二、陳述:除與原判決記載相同者,茲引用之外,補稱: ㈠本件被上訴人對於渠在借據上簽名為連帶保證人之事實承認無異,但原審認其抗辯: 「渠有於七十九年底與友人程錦梅、高光華,並偕同新保證人去上訴人處所辦理撤銷 連帶保證人責任手續」云云,並以高光華程盈茜(原名程錦梅)之證詞認為被上訴 人已解免連帶保證責任,而為上訴人該部分敗訴之判決。惟查:民法第七百五十條保 證責任之除去請求權以保證人受主債務人之委任而為保證,得向主債務人請求除去其 保證責任,以主債務人之財產顯然減少,住居所變更清償困難履行遲延而債權人依確 定判決得令保證人清償者為限,而民法第七百五十三條保證未定期間者保證人於主債 務清償期屆滿後,得定一個月以上之相當期限催告債權人於期限內向主債務人為審判 上之請求,被上訴人關於本件並無解免保證責任之法律上根據。 ㈡況且上訴人七十九年十月十二日理事會會議記錄討論事項第三項:「建議將部分逾期 貸款之社員移送法院案,議決:以逾期超過十八個月,貸款金額超過五十萬元以上者 為優先送法院,在送法院前請經理再以存證信函做最後通牒後,若該社員仍不予理會 ,則照本理事會之決議移送法院處理,本次考慮送法院之社員有:::高光華、郭美 月。」七十九年十一月十六日理事會會議記錄主席報告事項第四項:「說明上次理事 會會議決將高光華、郭每月送法院,經通知該二位社員後他們來申請自十二月份起開 始償還本金,每人各二千五百元,利息違約金日後再償還。
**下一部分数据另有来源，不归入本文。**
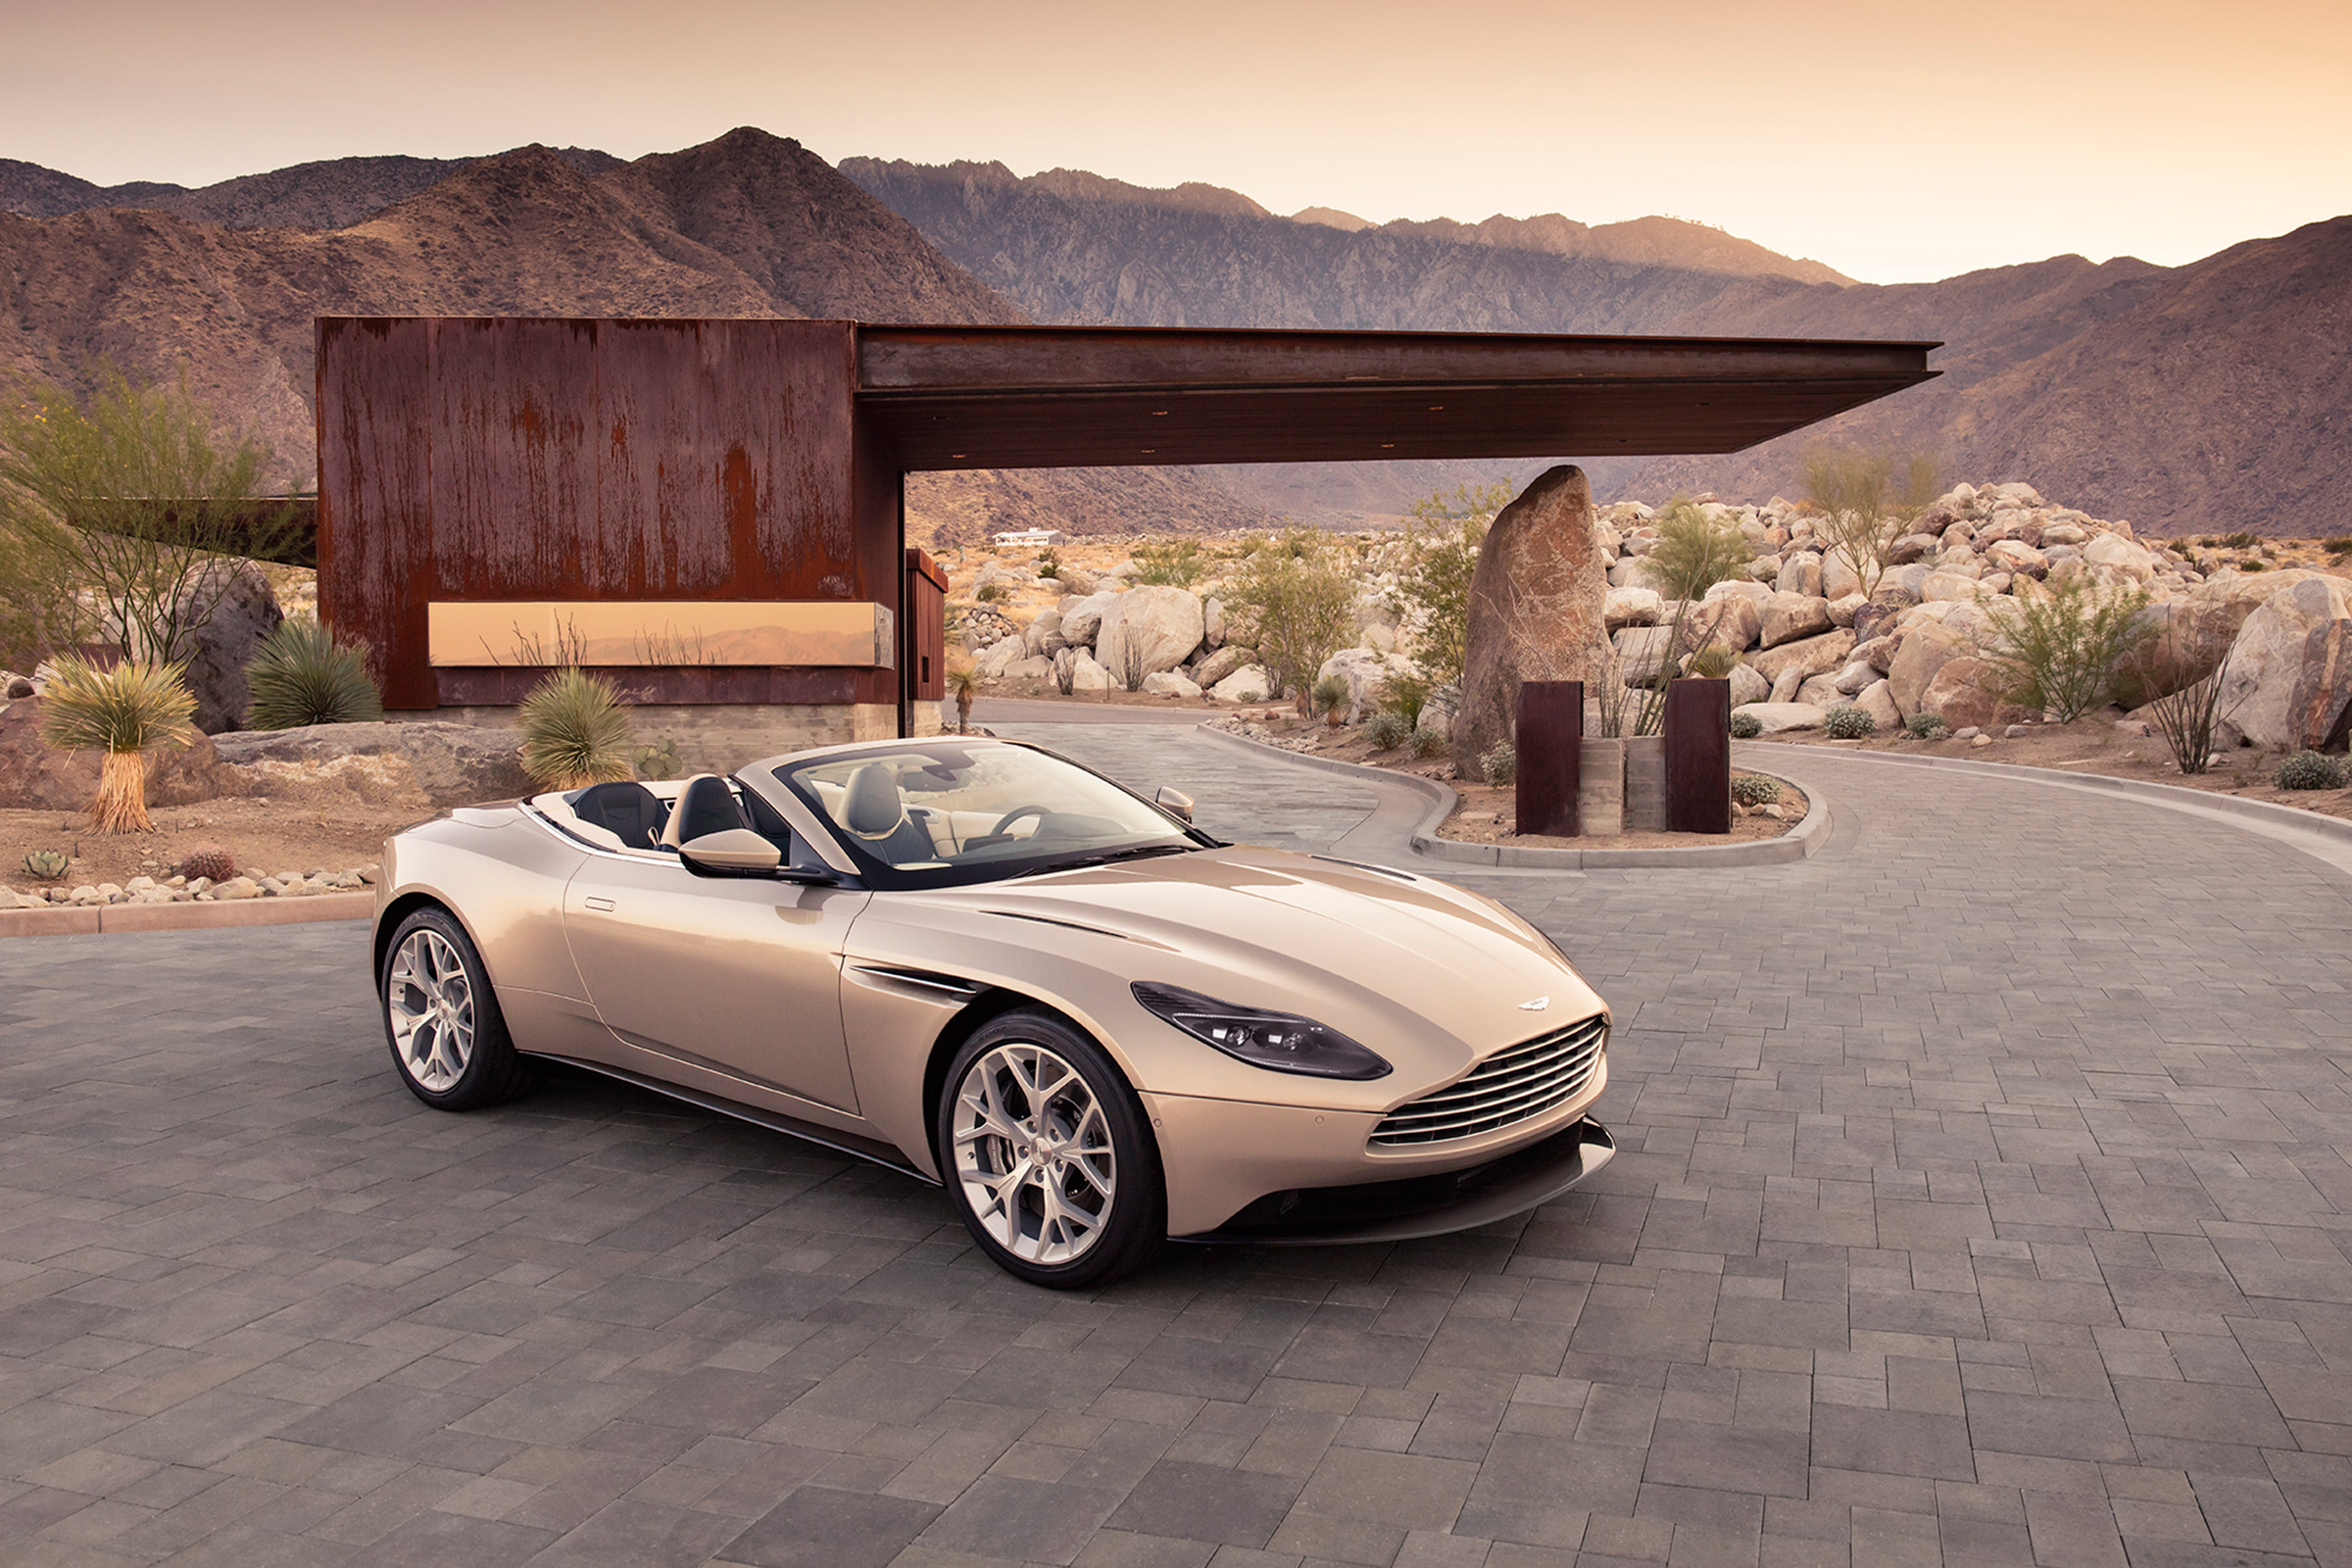 Aston Martin Stock >> Aston Martin Owners Considering Possible Stock Market

」事實顯現債務人僅要求 分期清償並未要求解免連帶保證人之連帶保證責任,或更換原連帶保證人,參酌證人 及甲○○○○○○○○○職員郭清文在鈞院八十八年度南簡字第七七九號說明,換保 時要審查新保人之資力之後才會准許換保,並更換保證書,原先借據亦作廢,更換新 借據,本件並無新借據,足見換保之手續尚未經上訴人新樓儲蓄互助社之應允,被上 訴人所舉證人程盈茜(原名程錦梅)之陳述與一般金融機關換保程序有出入,而主債 務人高光華之證言,亦對被上訴人有所偏頗,原判決認為被上訴人業已換保與正常程 序有出入尚難遽信。上開理事會主席報告項內說明債務人係來申請自七十九年十二月 份起開始償還本金每人各新台幣(下同)二千五百元,依上訴人提出於鈞院之郭美月



社員股金及貸款總帳確實有自七十九年十二月二十一日起至八十年十一月二十五日均 按月還款二千五百元,該總帳牽涉股金、個人總帳相沿不改,較一般借款銀行之借據 尤具公信力,足見被上訴人所謂七十九年換保既已有貸款顯著逾期顯不可能,七十九 年底之到上訴人處所僅係討論如何清償所欠款項之問題而已。 ㈢依據社團法人中華民國儲蓄互助社編印(七十七年版)儲蓄互助社幹部手冊,可知幹 部手冊並無有變更保證人之規定或指示,則任何變更保證人之情形應屬新債抵舊債, 以新債書立新借款始能成立;互助社貸款委員會之職責,明定所有貸款除授權經理於 一定限額內,先內批准貸出,然後提交下次貸款委員會追認外(職員項目第五項), 其餘貸款案應經開會批准及記錄手續。換言之,不論事先批准或事後追認,均應經貸 款委員會批准,此亦有同書貸款程序圖及貸款委員會自我查核表第七項足資參考。 ㈣七十七年八月九日主債務人高光華郭美月夫妻之借款,確係同日經貸款委員會批准 後,始由李八郎經理貸款,此有被上訴人互助社七十七年八月九日起至七十九年十二 月十九日止每星期之貸款委員會會議記錄影本(除十二月最後一星期因帳目整理未有 會議外,每星期貸款委員會之完整記錄)可證。至於上訴人所謂曾有換保之事實云云 ,經查貸款委員會並無任何記錄,況所謂換保既未經貸款委員會批准,亦無新借據, 縱李八郎有如上訴人等所指述之事實,亦屬無權代理之行為,未經貸款委員會批准應 不生變換保證人之法律上效果,足證所謂換保擔保並非事實,證人及債務人等所為陳 述自有偏頗,不足採信。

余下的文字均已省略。